Near-Optimal Relative Error Streaming Quantile Estimation via Elastic Compactors
Elena Gribelyuk, Pachara Sawettamalya, Hongxun Wu, Huacheng Yu
TL;DR
This work presents a nearly-optimal streaming algorithm for the relative-error quantile estimation problem using $\tilde O(\epsilon^{-1}\log(\epsilon n))$ space, which almost matches the trivial $\Omega(\epsilon^{-1} \log (\epsilon n))$ lower bound.
Abstract
Computing the approximate quantiles or ranks of a stream is a fundamental task in data monitoring. Given a stream of elements $x_1, x_2, \dots, x_n$ and a query $x$, a relative-error quantile estimation algorithm can estimate the rank of $x$ with respect to the stream, up to a multiplicative $\pm ε\cdot \mathrm{rank}(x)$ error. Notably, this requires the sketch to obtain more precise estimates for the ranks of elements on the tails of the distribution, as compared to the additive $\pm εn$ error regime. Previously, the best-known algorithms for relative error achieved space $\tilde O(ε^{-1}\log^{1.5}(εn))$ (Cormode, Karnin, Liberty, Thaler, Vesel{y}, 2021) and $\tilde O(ε^{-2}\log(εn))$ (Zhang, Lin, Xu, Korn, Wang, 2006). In this work, we present a nearly-optimal streaming algorithm for the relative-error quantile estimation problem using $\tilde O(ε^{-1}\log(εn))$ space, which almost matches the trivial $Ω(ε^{-1} \log (εn))$ lower bound. To surpass the $Ω(ε^{-1}\log^{1.5}(εn))$ barrier of the previous approach, our algorithm crucially relies on a new data structure, called an elastic compactor, which can be dynamically resized over the course of the stream.
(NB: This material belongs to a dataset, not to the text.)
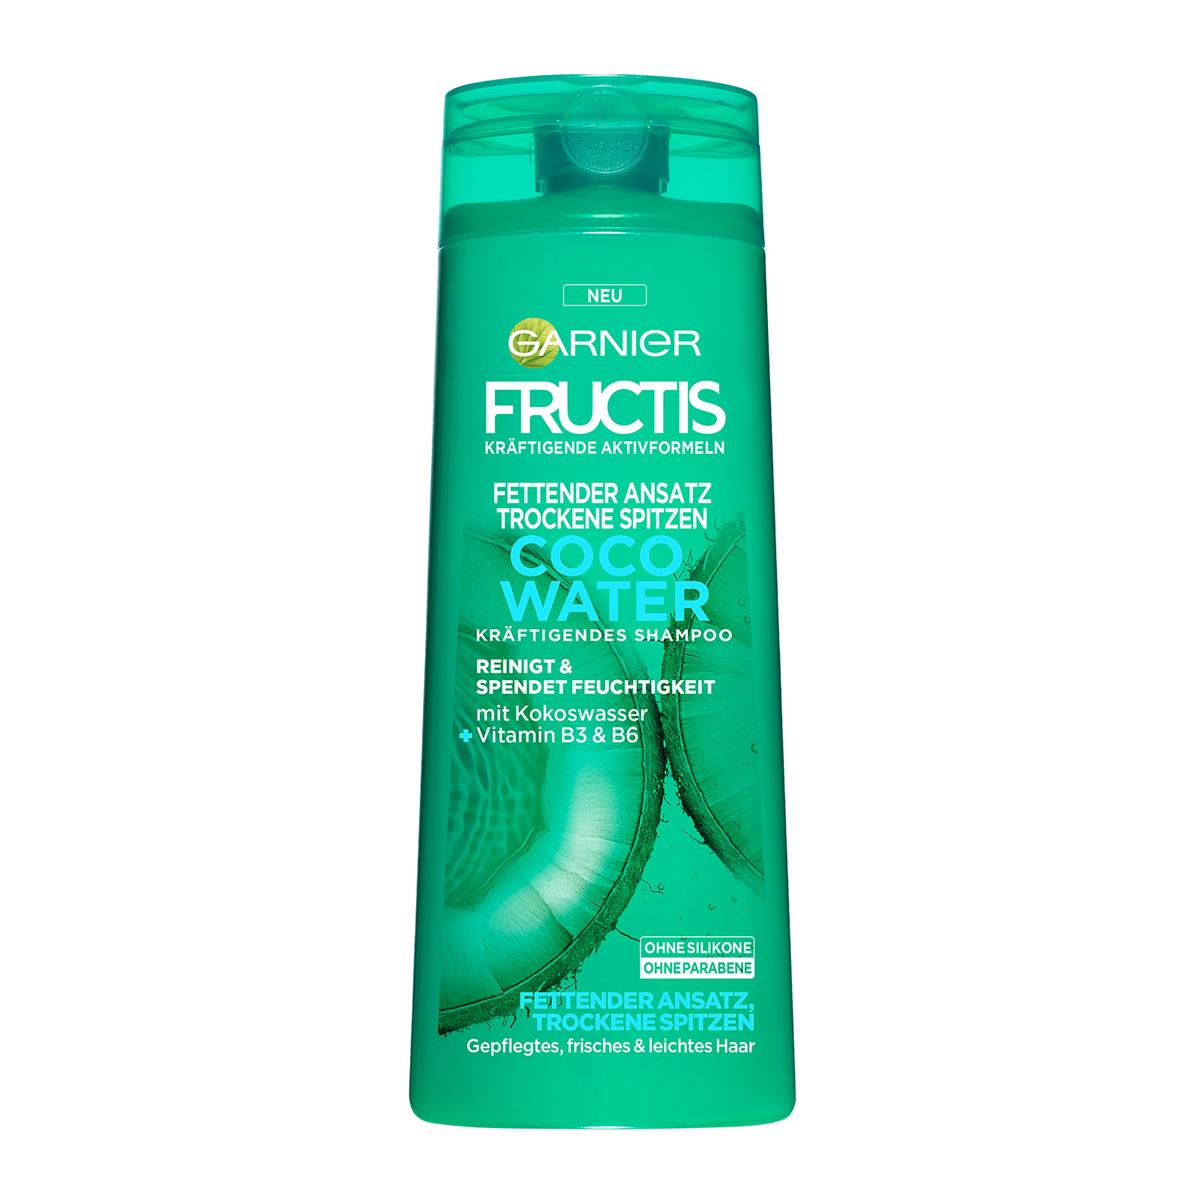 Garnier Fructis Shampoo Fettender Ansatz Trockene Spitzen Online

Interestingly, we design a space allocation scheme which adaptively allocates space to each compactor based on the "hardness" of the input stream. This approach allows us to avoid using the maximal space simultaneously for every compactor and facilitates the improvement in the total space complexity. Along the way, we also propose and study a new problem called the Top Quantiles Problem, which only requires the sketch to provide estimates for a fixed-length tail of the distribution. This problem serves as an important subproblem in our algorithm, though it is also an interesting problem of its own right.